Given information —
■ ■ ■ ■ ■ ■ ■

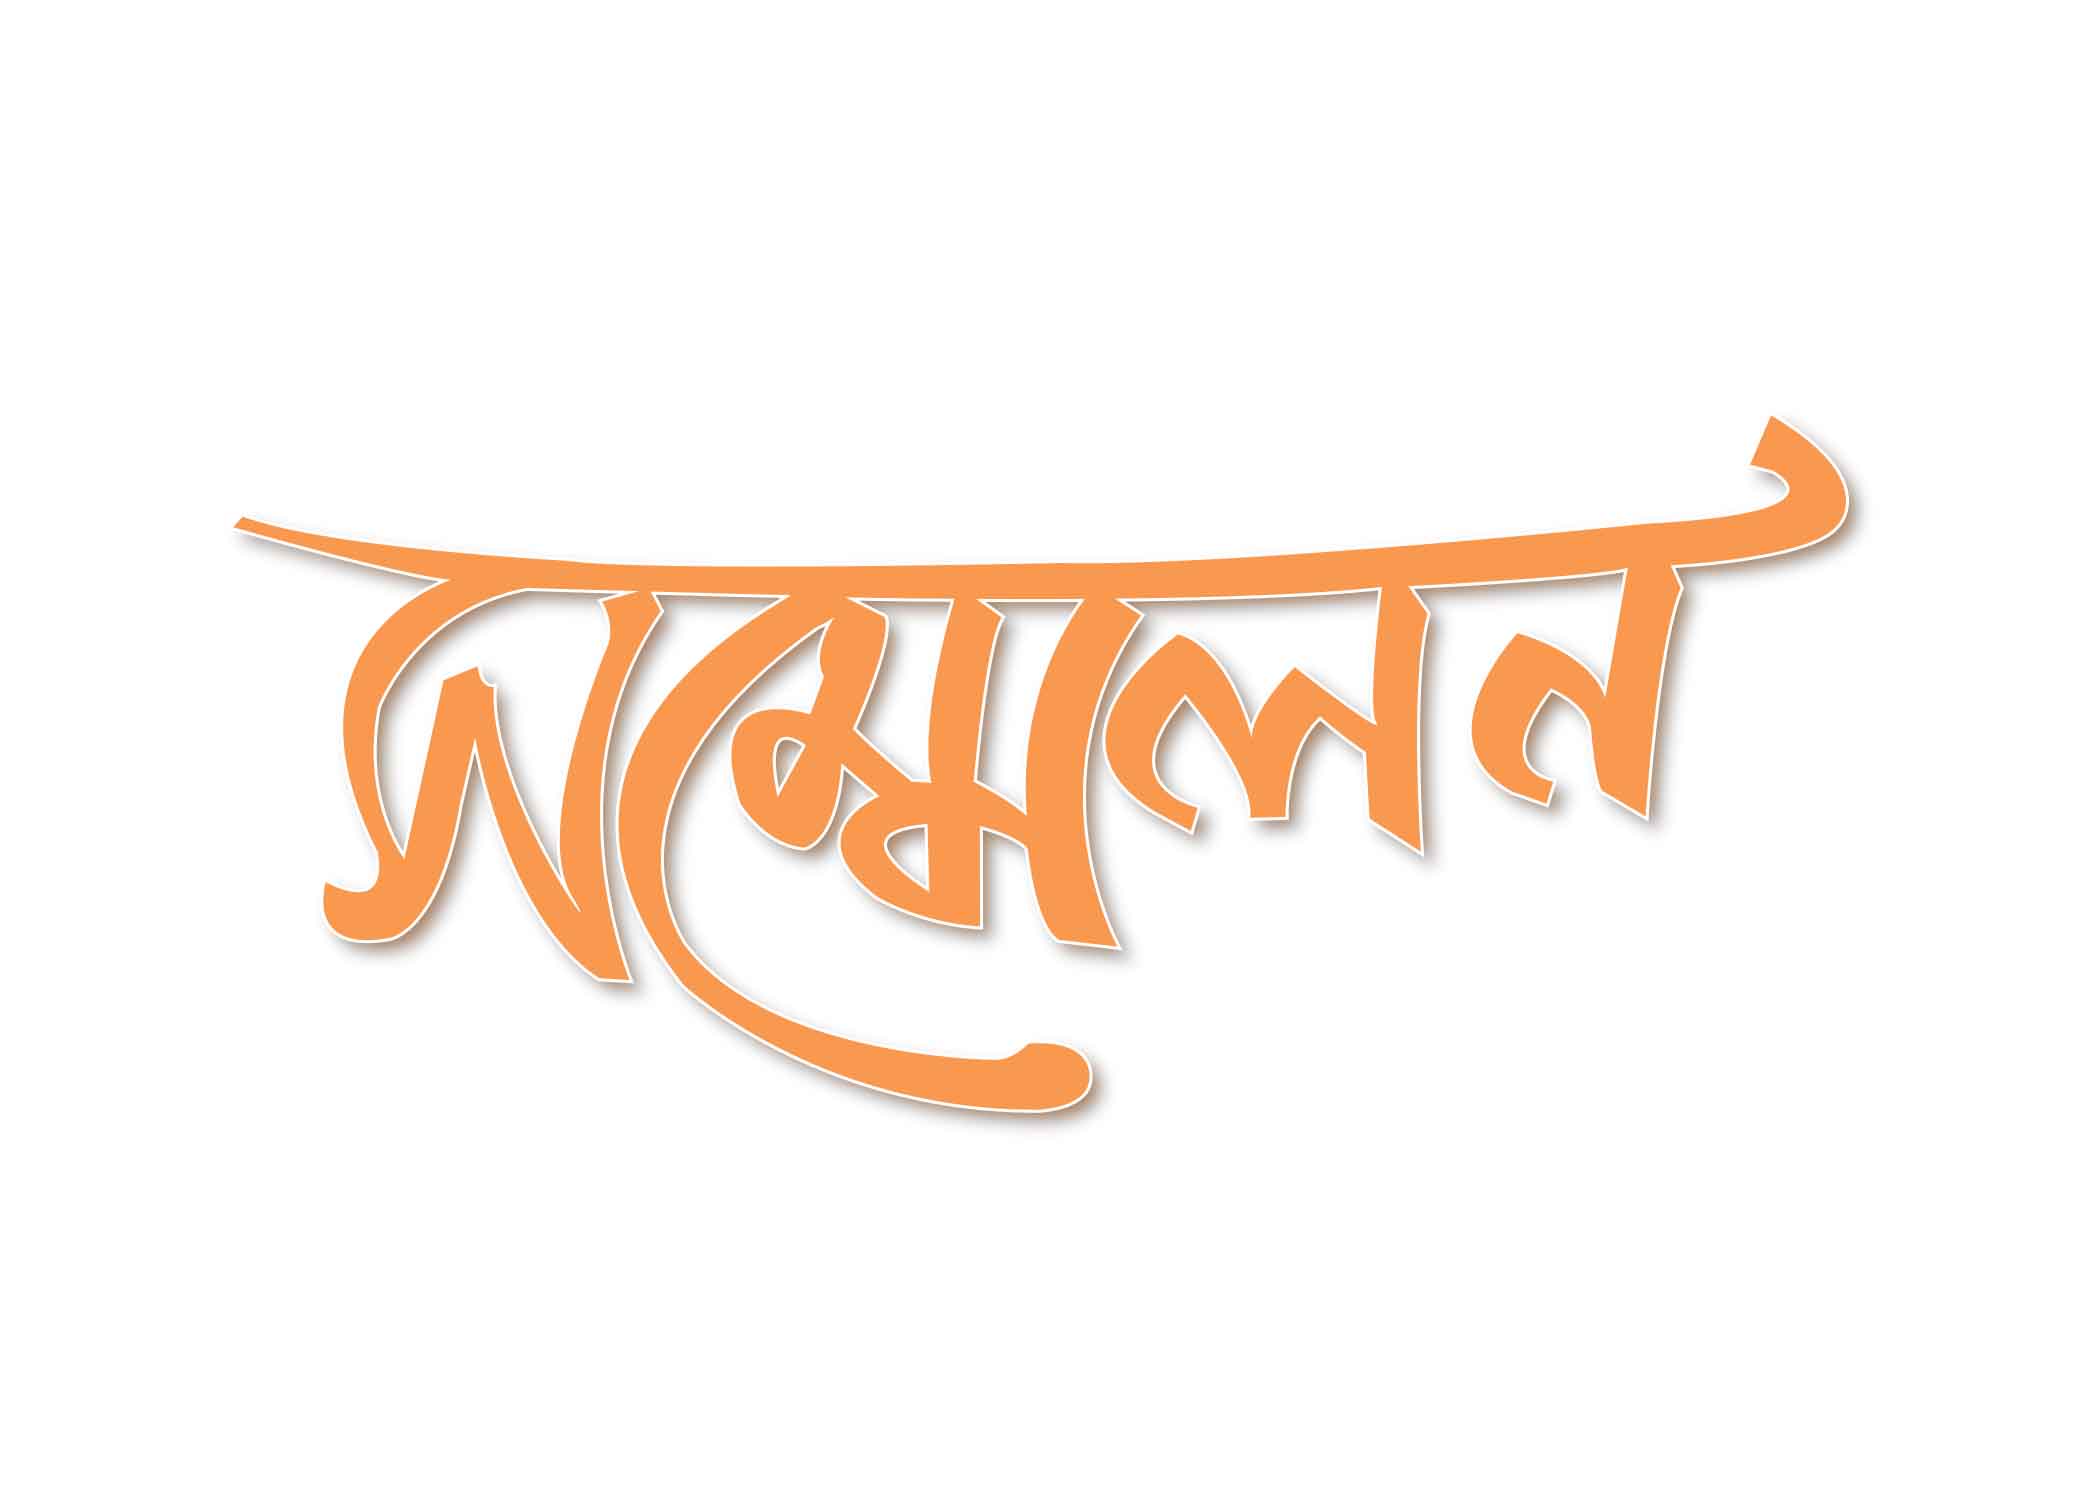 সম্মেলন টাইপোগ্রাফি । Bangla Typhography PNG
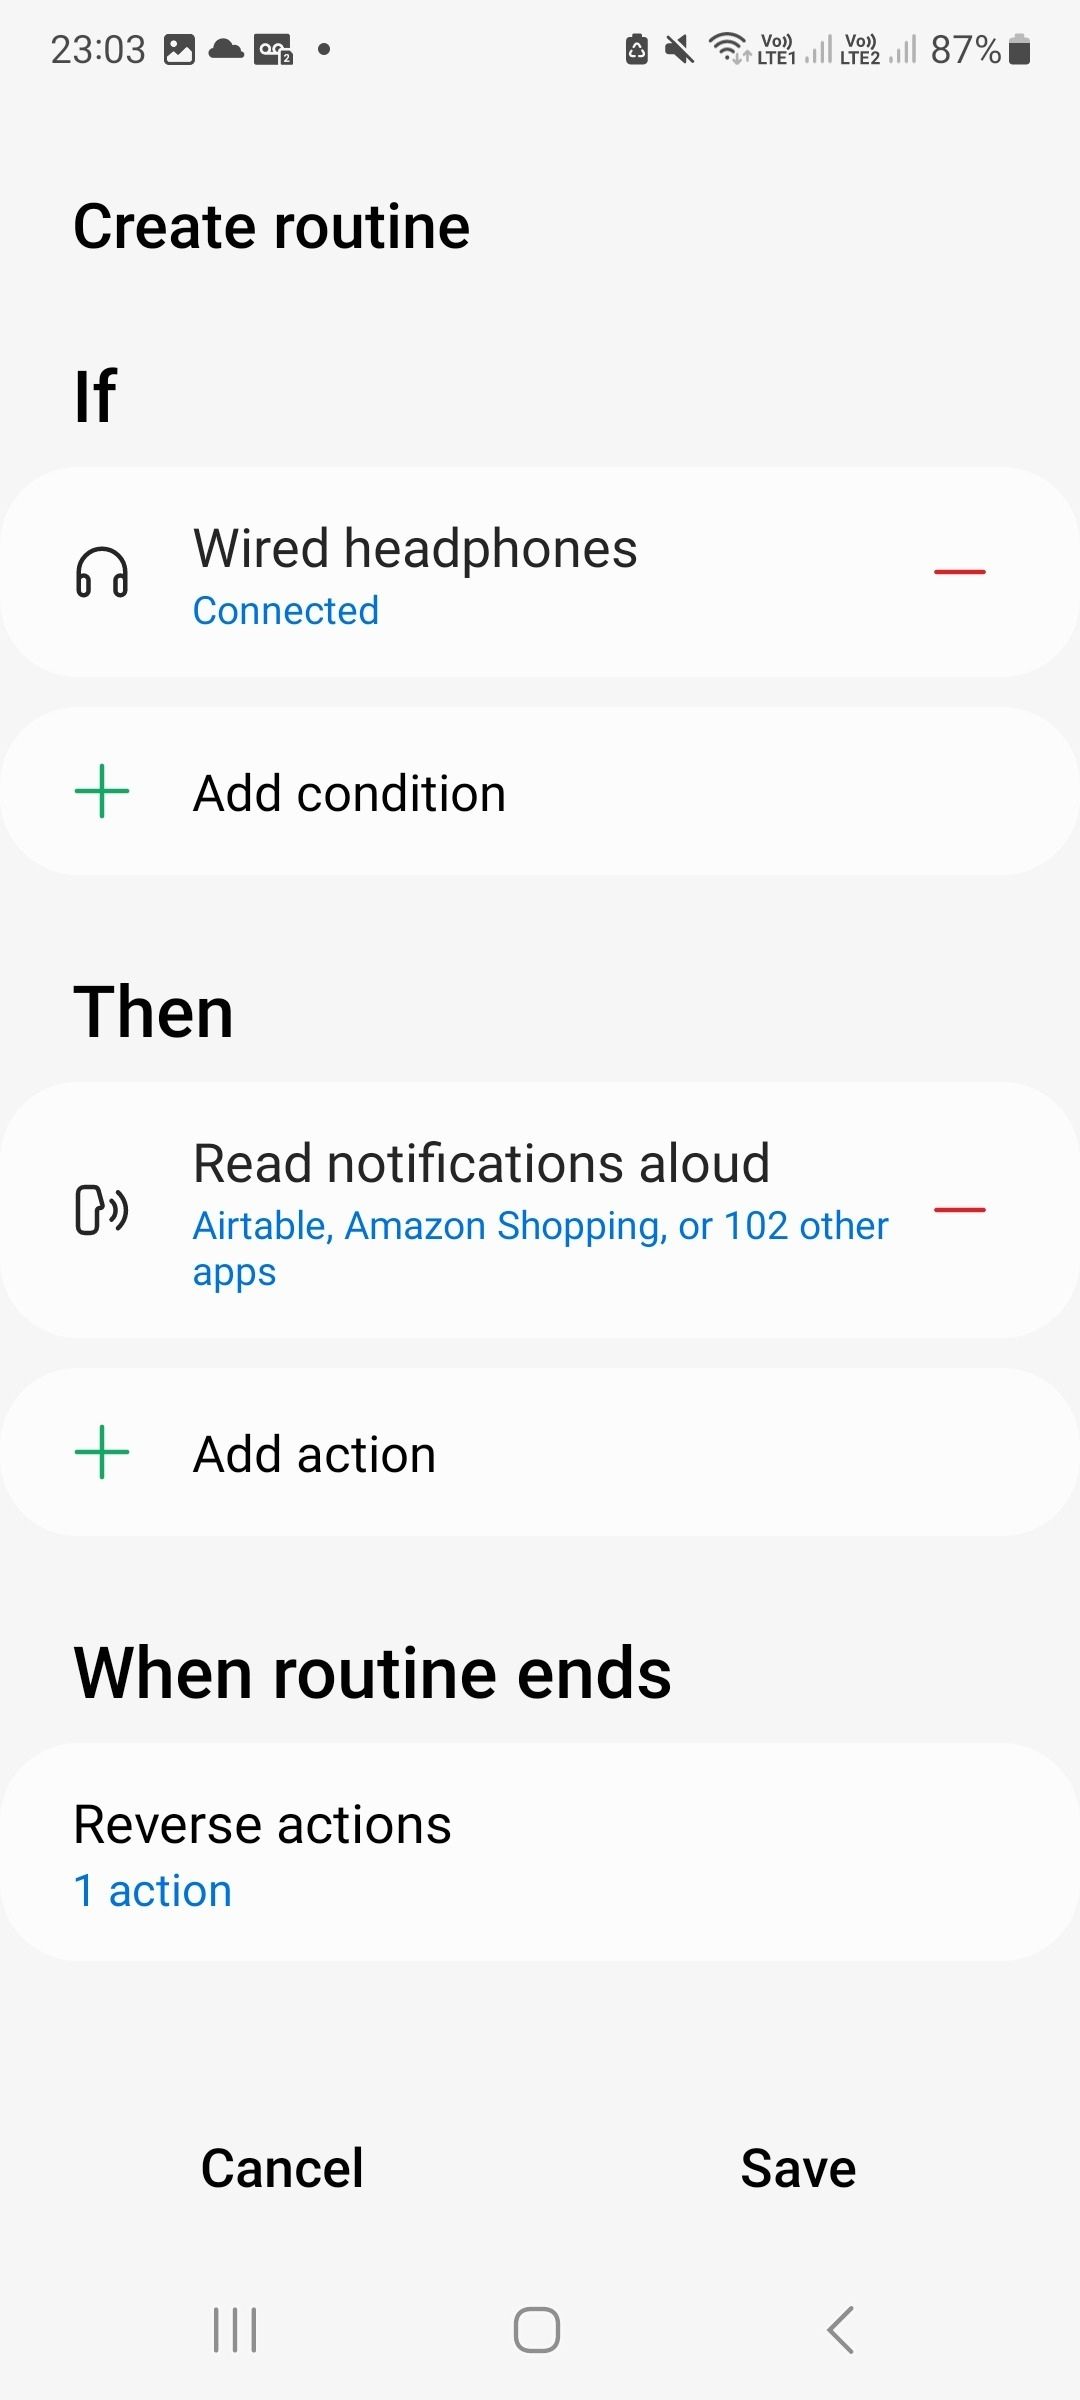 Captura de tela do aplicativo bixby mostrando as configurações de rotina selecionadas
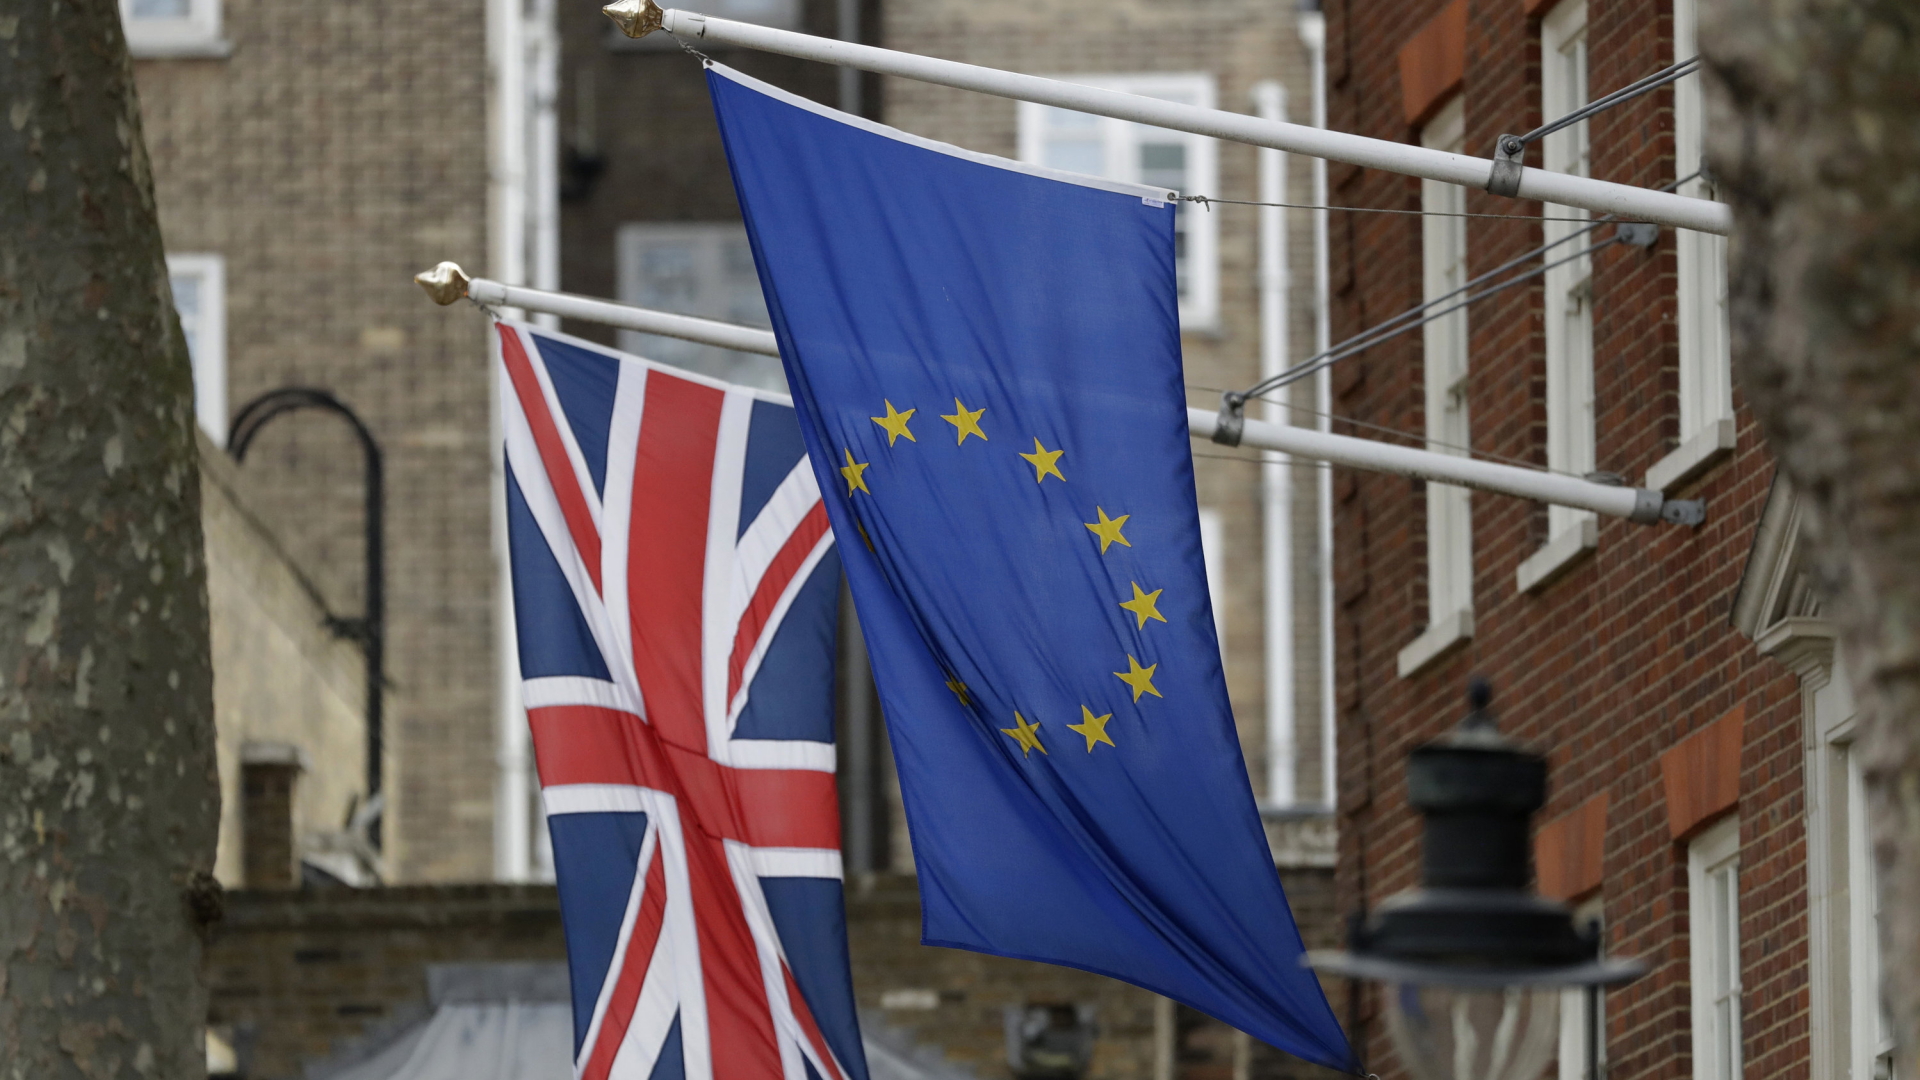 Die Flaggen des Vereinigten Königreichs und der Europäischen Union am Europa-Haus - dem Haus des Europäischen Parlamentes - in London

■ ■ ■ ■ ■ ■ ■

Required action —
Leave the pictures out. Output exactly, and only, the lines from the one with "Captura de tela" through the last line of the listing above, both included.

Solution to this problem —
 Captura de tela do aplicativo bixby mostrando as configurações de rotina selecionadas
 Die Flaggen des Vereinigten Königreichs und der Europäischen Union am Europa-Haus - dem Haus des Europäischen Parlamentes - in London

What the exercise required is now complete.